The report of the Central Bank’s Sharia Council on announcing the results of the investigations and actions of the working group responsible for reviewing the correspondence received from the judicial authorities regarding the facility contracts of the country's banking network is as follows:

1- If the rate of return expressed in the facility application form is higher than the maximum expected rate of return approved by the Monetary and Credit Council, the resolution of the 29th session of the Sharia Council of the Central Bank on 23 Sep. 2020 will be the basis for action. *

2- How the bank acts in the losses resulting from civil Musharakah contracts based on the opinion of the Guardian Council is flawless.

3- Regarding the deferral of receivables of banks and non-bank credit institutions in the previous years and before the announcement of the "Instruction on how to defer the receivables of credit institutions", if it has been done based on relevant laws such as annual budget laws, including the Budget Law of 2013, there is no problem.

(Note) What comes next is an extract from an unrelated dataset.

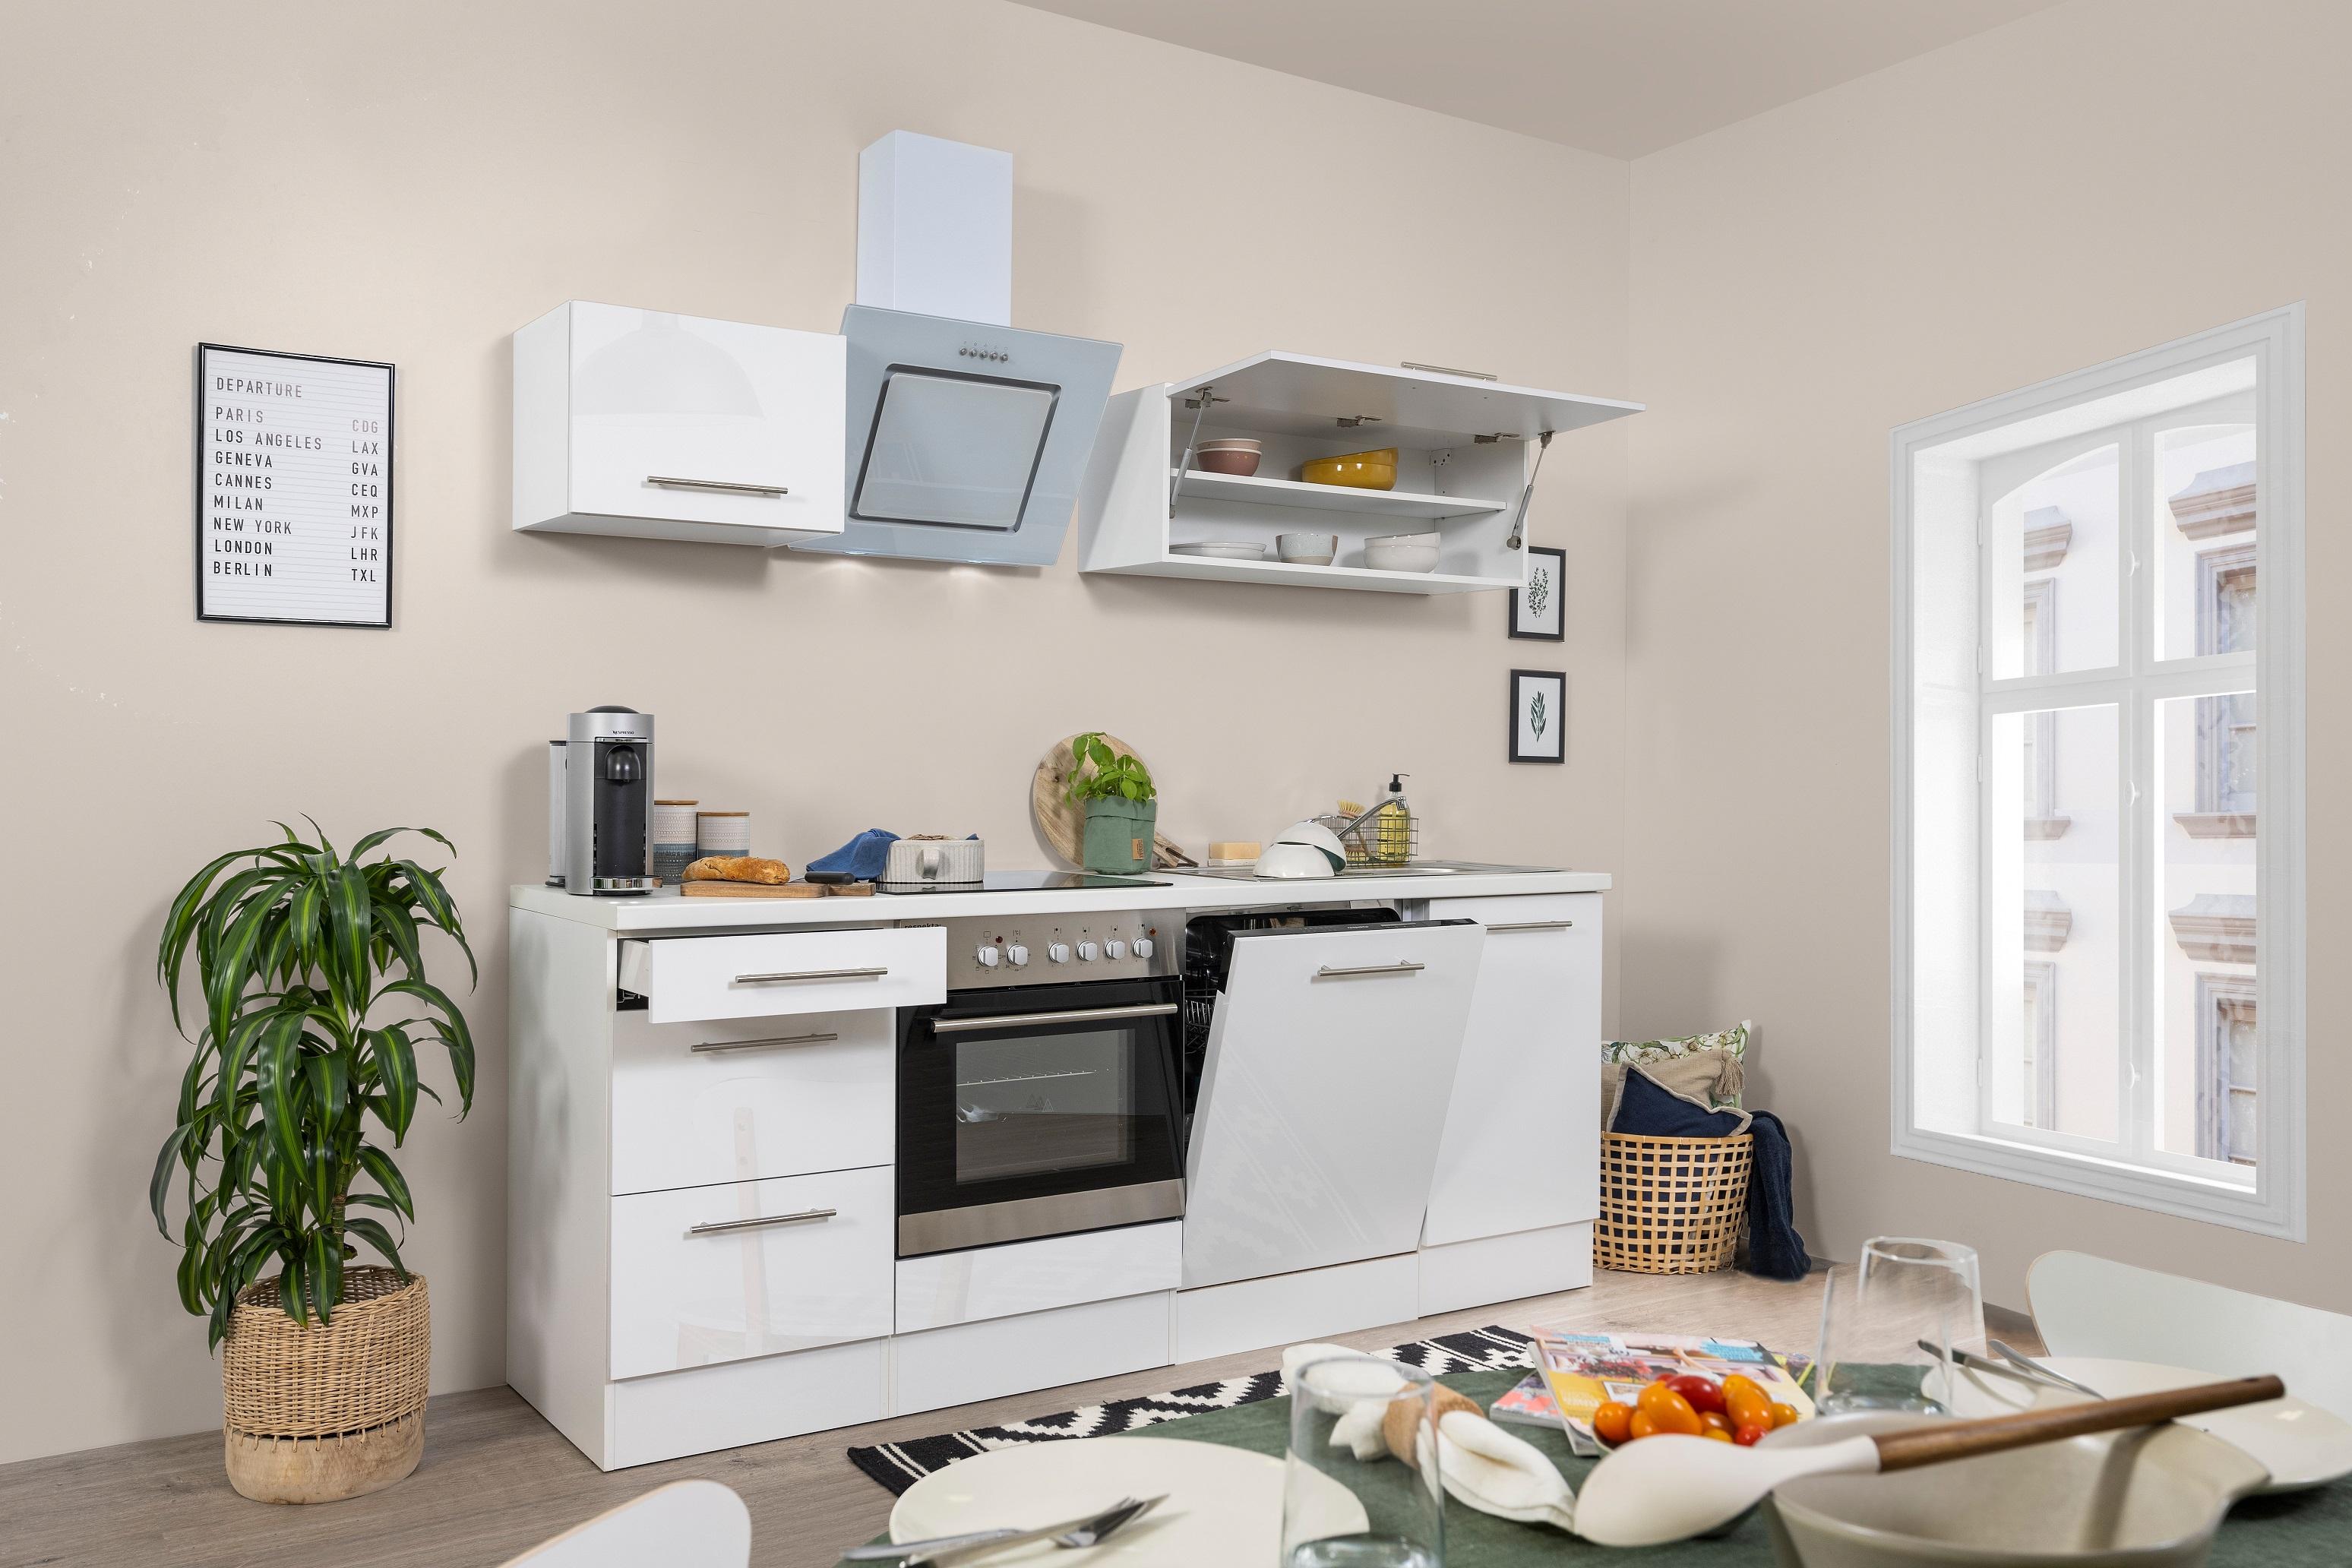 respekta Küchenzeile Küche Einbauküche Küchenblock Komplett Hochglanz 220cm weiß
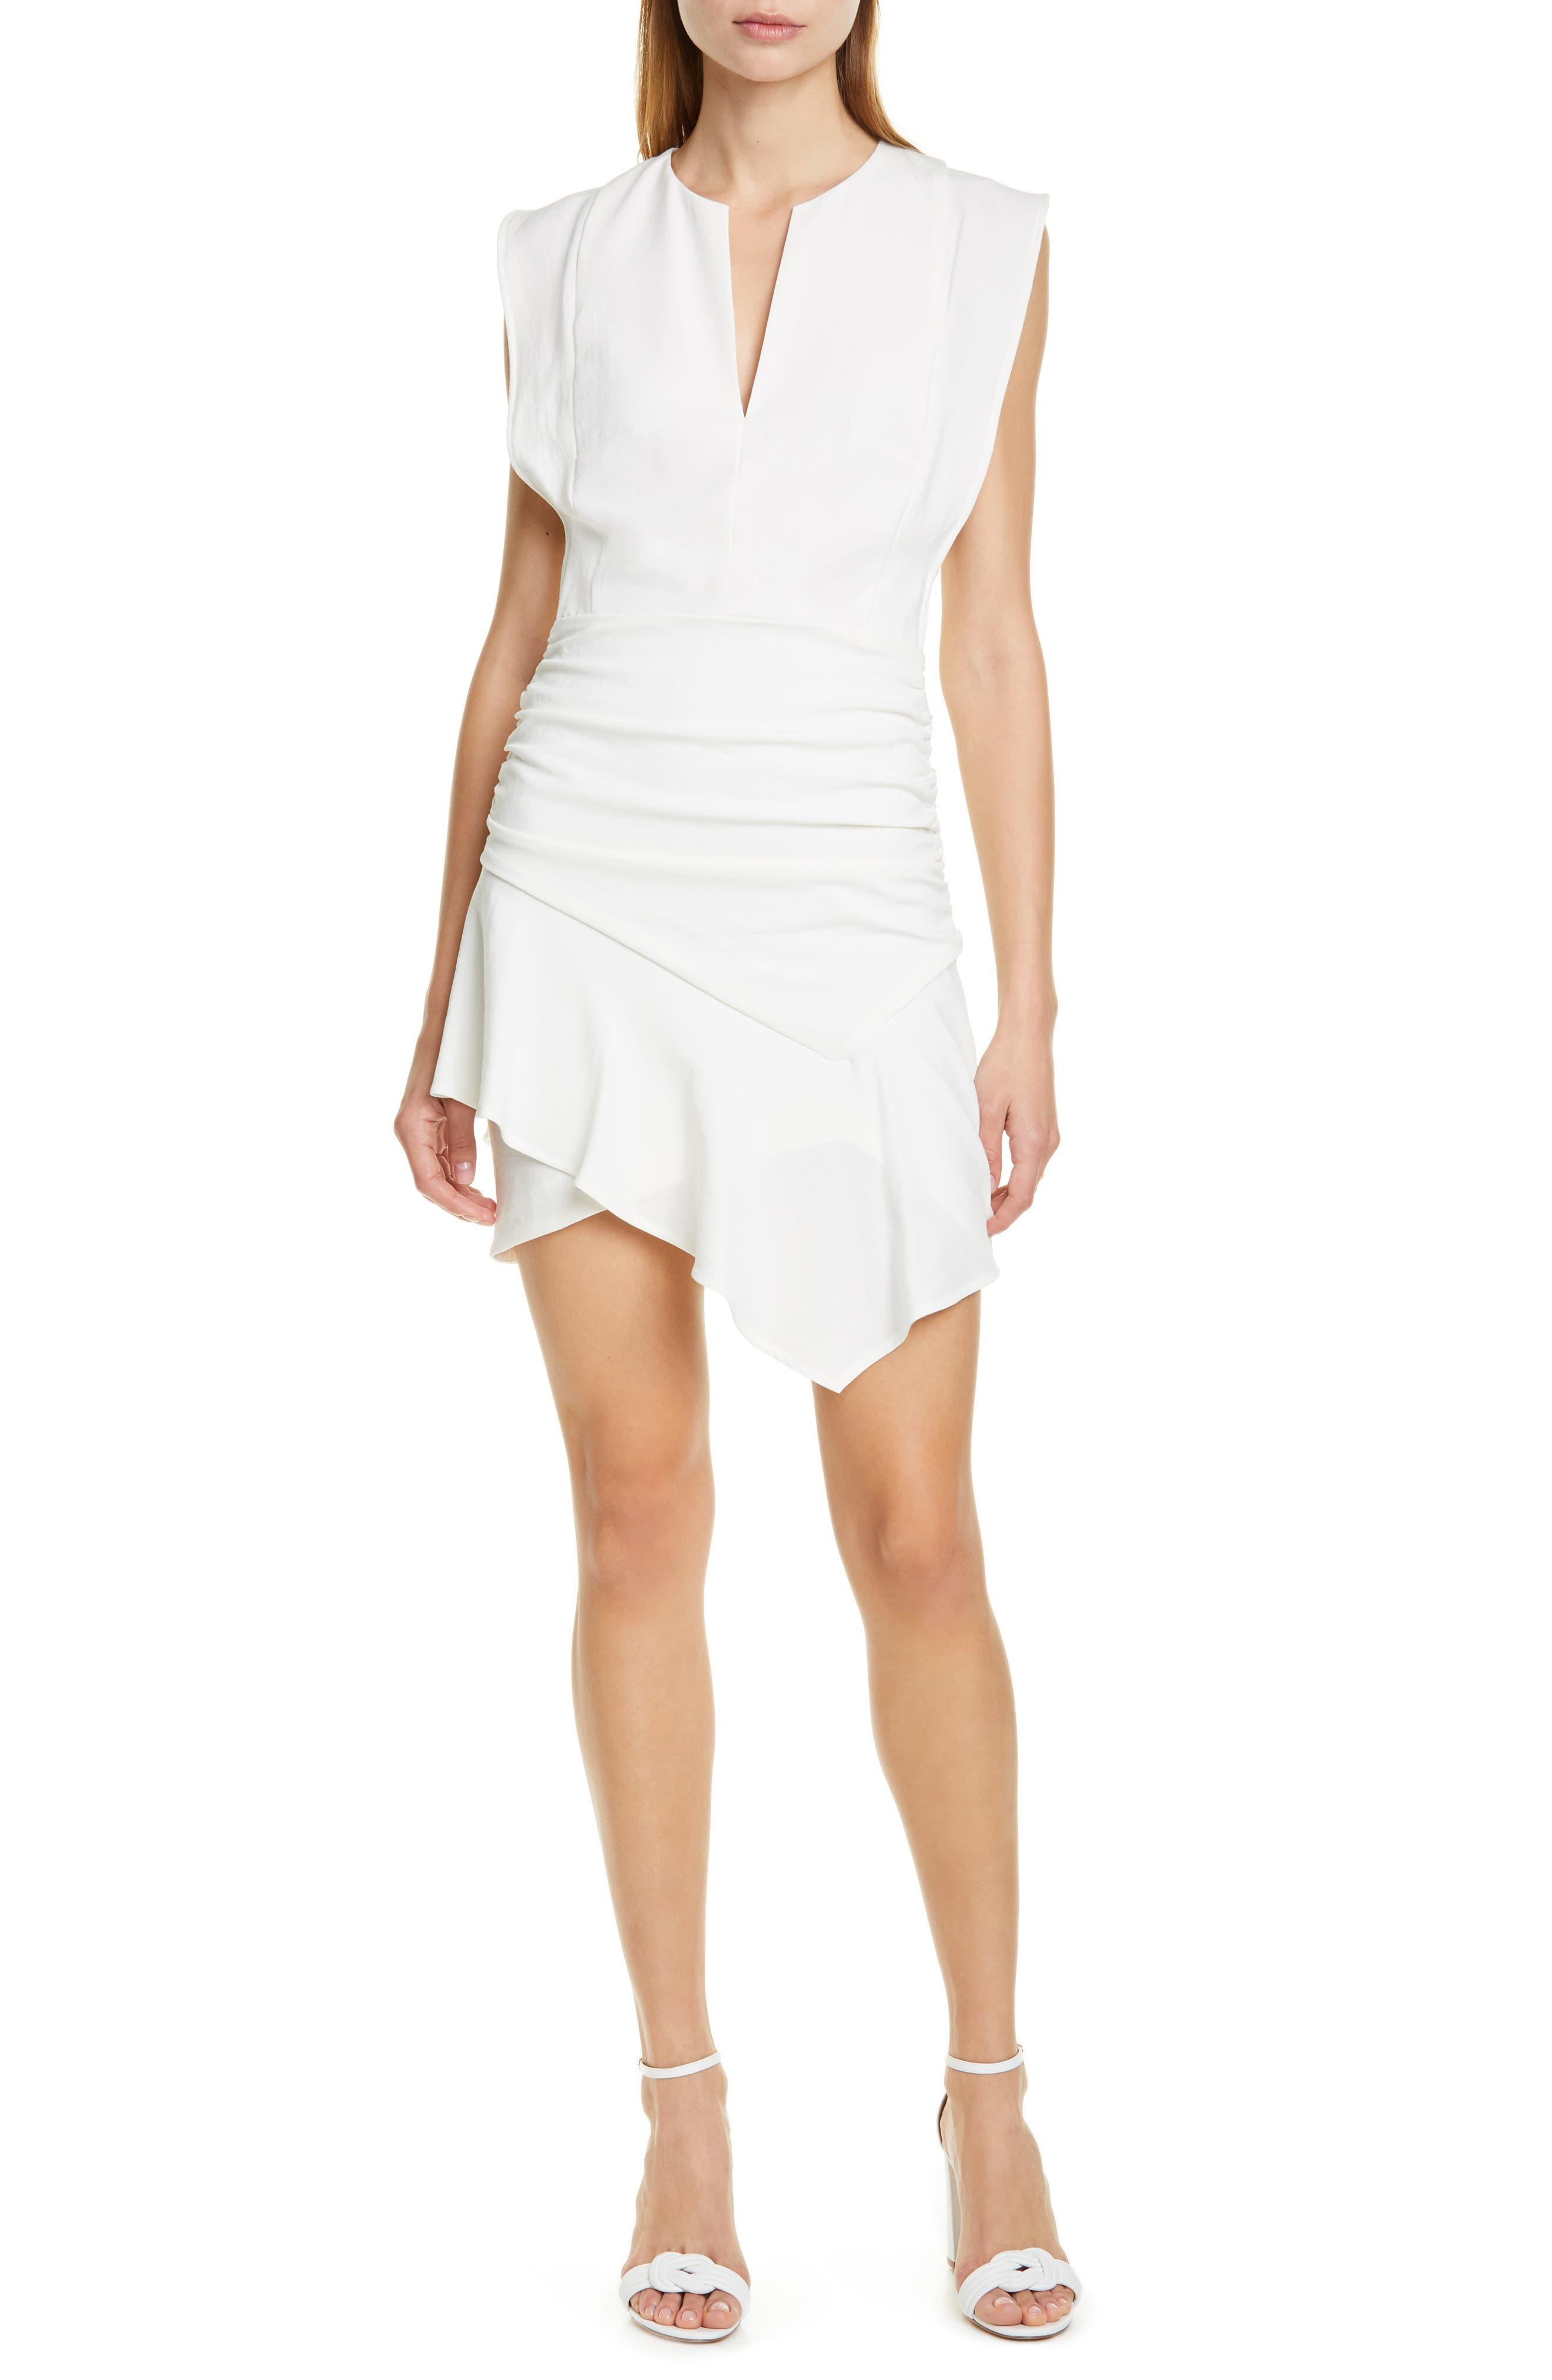 Ba & sh Jess Asymmetrical Minidress, Ivory

4- The use of civil Musharakah contract for granting working capital facilities for production units within the framework of the Central Bank's criteria is not prohibited from the sharia point of view.

5. In exchange contracts, the rate of return stated in the contract must be equal to the rate of return approved by the Monetary and Credit Council.

6- In connection with other inquiries in the received correspondence, including receiving the obligation to pay the debt from customers more than the mentioned amount, refusal of banks and non-bank credit institutions to deliver a copy of the contract to customers and non-compliance with the resolution of the Monetary and Credit Council regarding the relative distribution of funds received from the recipient facility, since it lacks sharia issues and considerations, there is no specific comment about it. In any case, the Central Bank's notifications regarding such cases are essential.

The violation of the rate of return of the facilities approved by the Monetary and Credit Council does not invalidate the contract, but is subject to the disciplinary measures of the Central Bank.